Best Sample Size for Dissertations
Survey is now a basic tool in social sciences and in some fields of specialization which reliance is from the sampling procedures. Little or unacceptable knowledge will be gained if the sample size is poorly designed and executed: no matter how good the questions are and no matter how impressive the analysis is (Kalton, 1987, p. 4).
The important question of how to determine the size of the sample is vital for estimating the parameters (Singh and Chaudhary, 1986, p. 38). Our common sense would suggest that a large sample size will be better than a small one since an increase in sample size will decrease the sampling error.
This is not always the case because, for example, having a large sample size with a sampling frame with very similar types of respondents will just be a waste of time. Determining the best sample size will thus depend on the compromise of practical constraints (i. e. money, time, ethical issues) and theoretical considerations. For the simplicity of analysis, given that there are no practical constraints, the following are the rule of thumb: 1. ) If the population is about 50 or less, it is best to sample the whole population; 2. If you have to sample a population of 50 or more, then try to sample around 30 and 3. ) If you will be using stratified sampling, aim to have at least five sampling units from each stratum or category (White, 2002, p. 65-66). With the load of work dissertation requires researchers can not help but to consider the practical constraints. The credibility of the study can thus be sacrificed so it must be the goal of the researcher to find ways to maintain credibility while considering constraints.
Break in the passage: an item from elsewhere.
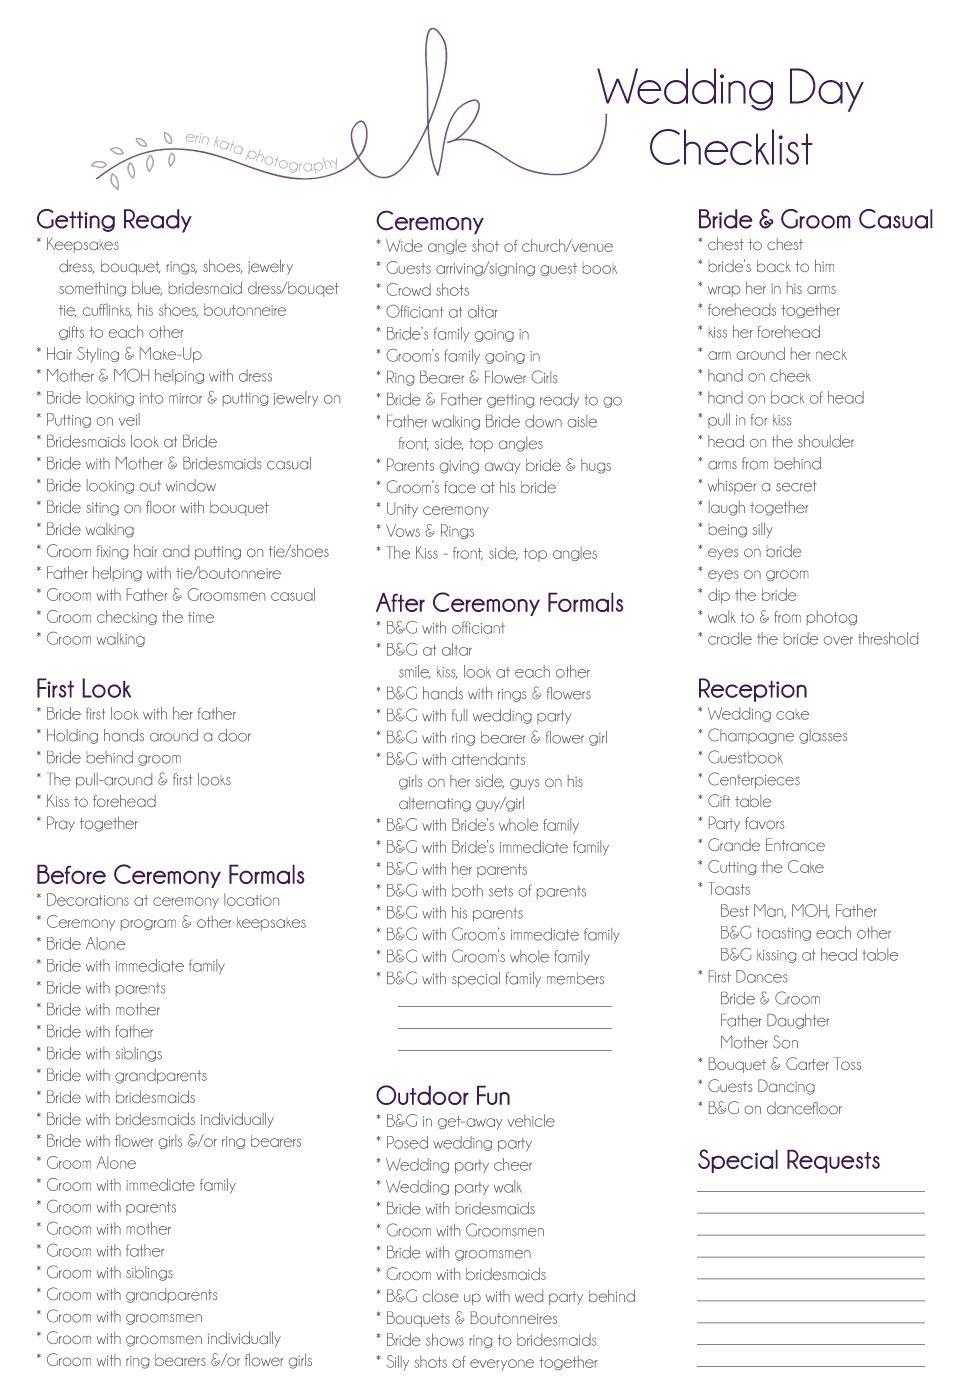 Wedding Planner Template Guide Checklist Decoration cakepins.com ...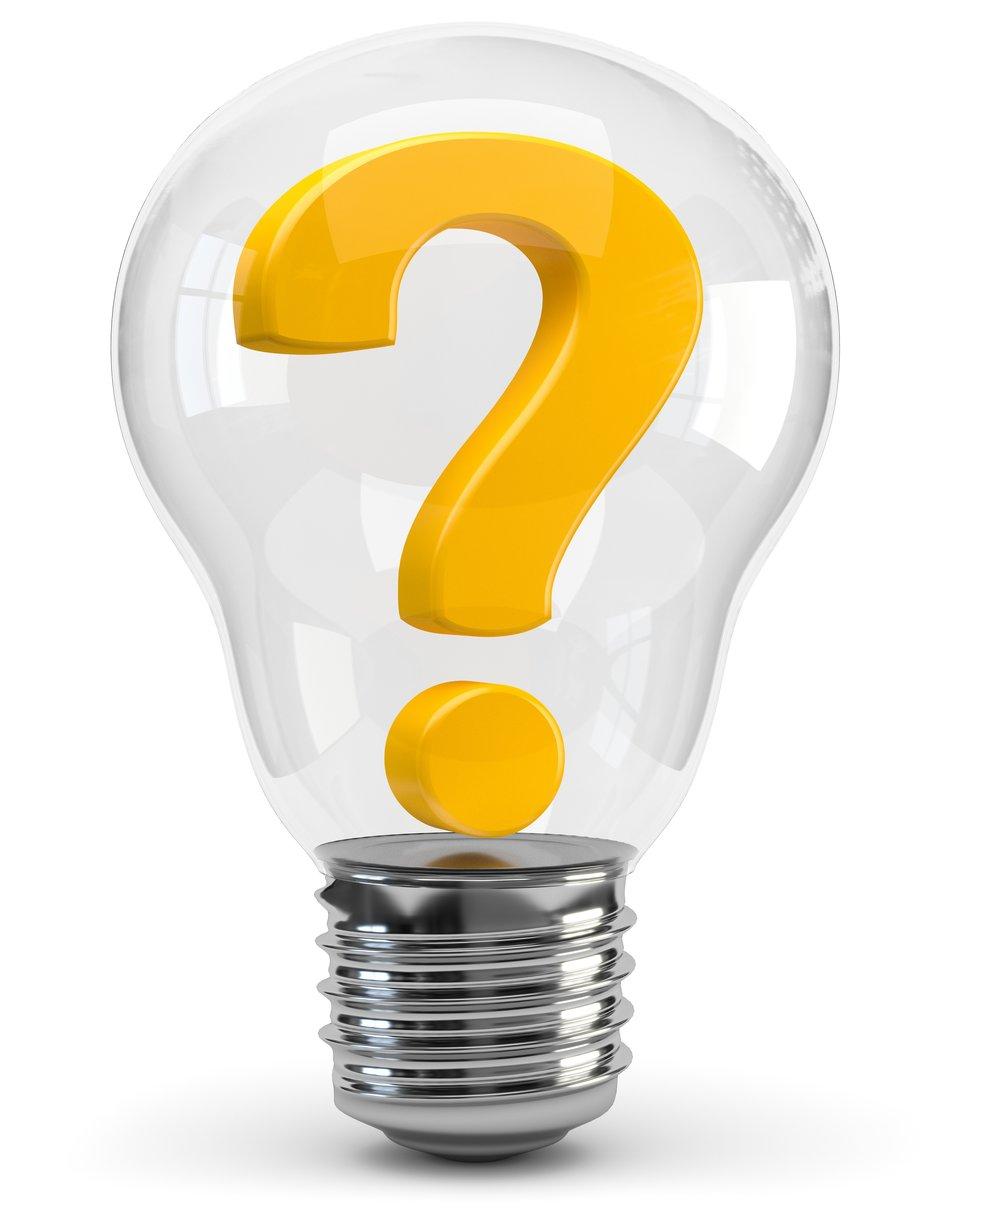 light-bulb-1002783.jpg

Researcher bias is another issue that may hinder the determination and use of sample size because unless it is a purposive sampling, samples should represent the whole population as much as possible. For example, a bias researcher will decide a sample size that is easy for him to gather and that is fit for his/her desired results. There can never be a perfect or right sample size but there is always a best sample size depending on the nature of your study and on the given population.